“身不由己?”
我嗤笑一声。
“是你心甘情愿护着她、处处委屈我,从来都不是什么身不由己。”
我示意丫鬟关门,将他的辩解连同他这个人,一同挡在门外。
这笔账,我跟他们慢慢算。
秋狩前夕,京中举办勋贵宴,宴请的都是善弓马、喜游乐的世家子弟。原迟派人来请我,说我是侯府世子妃,这种场合不能缺席。
我知道,他不过是想在众人面前装出敬重我、夫妻和睦的样子。
好堵上旁人的口舌,也让程晚享受众人的艳羡。
我应了。
精心梳妆,身着正妃朝服,挺拔地走进皇家别苑,不卑不亢,没有半分卑微怯懦。
出发时,程晚缠着原迟坐一辆马车,掀开车帘,故作无辜地看我:
“安姐姐,阿迟说想和我闲聊,你不介意吧?”
我摇头,语气平淡:
“没事,你们高兴就好。

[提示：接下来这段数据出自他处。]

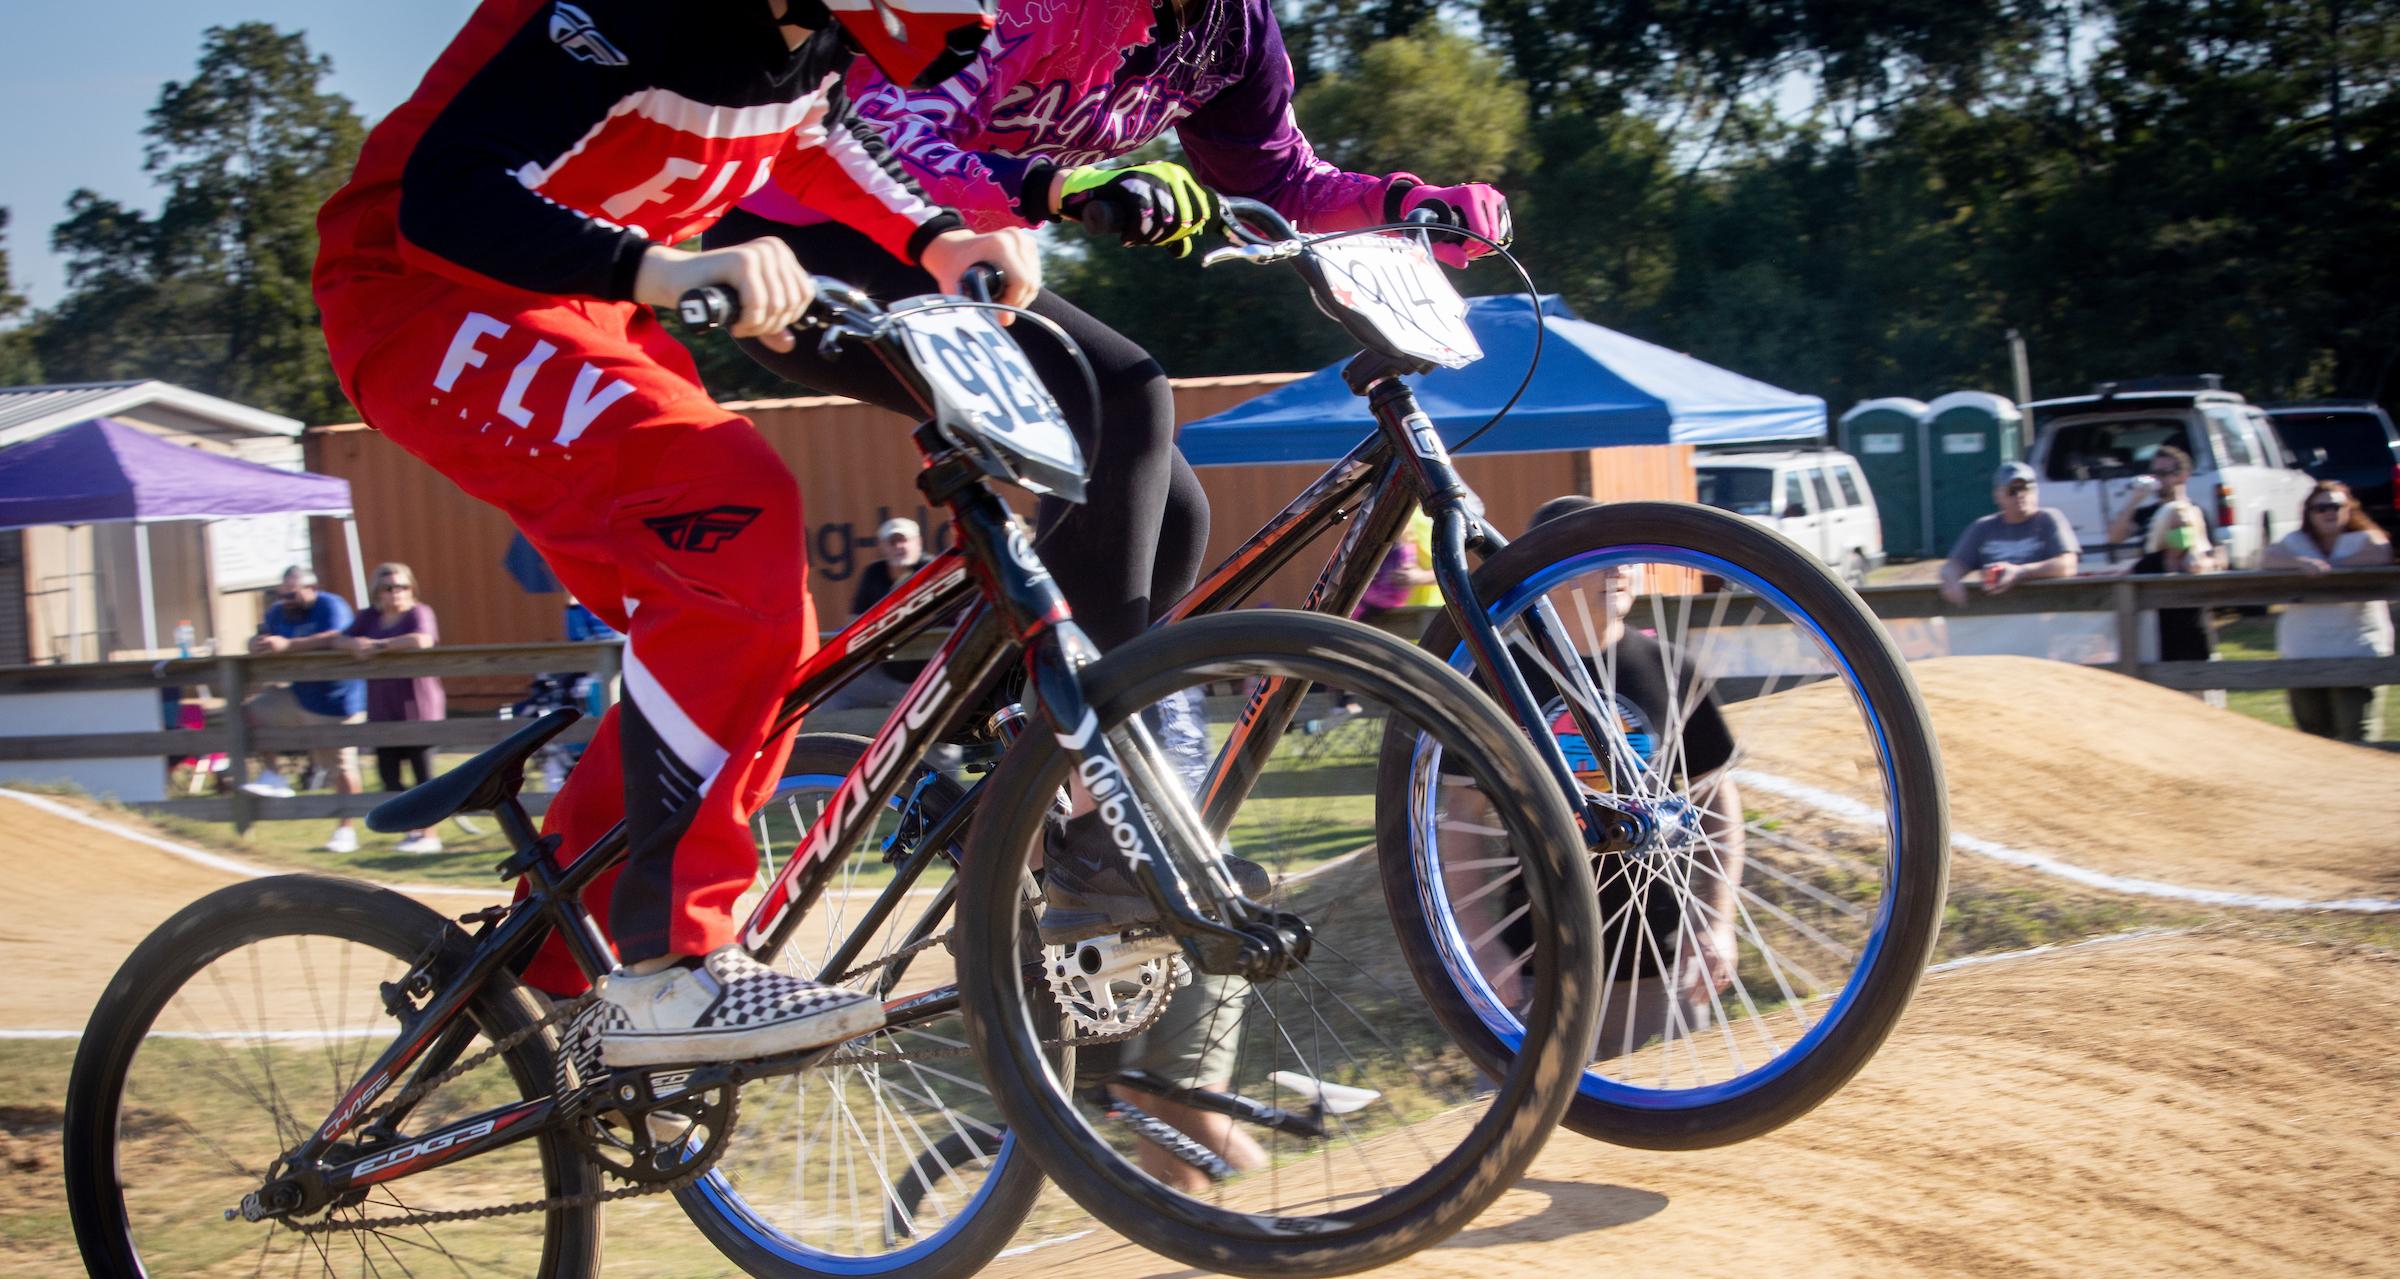 BMX Bicycle Racing- Ridgeland, MS

”
宴会之上,程晚成了众人焦点。
世家子弟纷纷夸赞她英姿飒爽,纵马、冰嬉样样精通。
“晚姑娘厉害,上月纵马摔落,连眉头都没皱一下!”
“前几进山采兰草被抓伤,也依旧谈笑风生,这般胆识难得!”
原迟陪在她身边,一脸骄傲,时不时替她解围。
温柔叮嘱她少喝酒、别再受伤,仿佛被夸赞的是他自己。
我坐在角落,端着酒杯静静看着。
他们越是得意,后的落差就越是惨烈。
程晚接受完恭维,端着热茶走向我,眼底藏着挑衅。
她故意脚下一滑,热茶直直洒在自己手上。
我手上瞬间传来尖锐刺痛,酒杯没拿稳,“哐当”摔在地上。
酒液与瓷片飞溅,惊动了周围的人。
所有人的目光都聚了过来。程晚红着眼眶,拉着原迟的衣袖委屈道:
“阿迟,对不起,我不是故意的,是我手滑了。”
原迟立刻冲过去护着她,转头瞪我,语气满是责备:
“安安,你怎么回事?怎么能冲撞晚晚?”
周围人窃窃私语,看向我的目光满是鄙夷指责,仿佛真的是我撞了她。
程晚靠在原迟怀里,偷偷抬眼瞄我,嘴角勾起一抹得意。
我嗤笑一声,声音不大不小,刚好所有人都能听见:
“我坐在这儿都没起来,怎么撞到她?程小姐手滑得蹊跷,不如调下人对质,看看是谁故意为之。”
窃窃私语瞬间停了。
众人目光迟疑,纷纷看向程晚。
程晚脸色惨白,攥着原迟的衣袖,眼神慌乱:
“我……我真的是手滑了,安姐姐怎么这么说我?”
原迟皱眉,语气不耐:
“安安,别闹了,晚晚不是故意的,你快给她道歉。”
“道歉?”我站起身,直视着他。
“该道歉的从来不是我。原迟,你眼瞎,别当所有人都和你一样傻。”
说完,我转身就走。身后的喧嚣与辩解,都与我无关。
宴会结束已是深夜,原迟没回来——想来是陪着程晚在别苑歇息,只派了个小厮送我回府。
刚进院门,一阵腥甜涌上喉头。我冲进净房,鲜血在水中晕染开,格外刺眼。
镜子里的我,面如金纸,唯有双眼,亮得盛满恨意。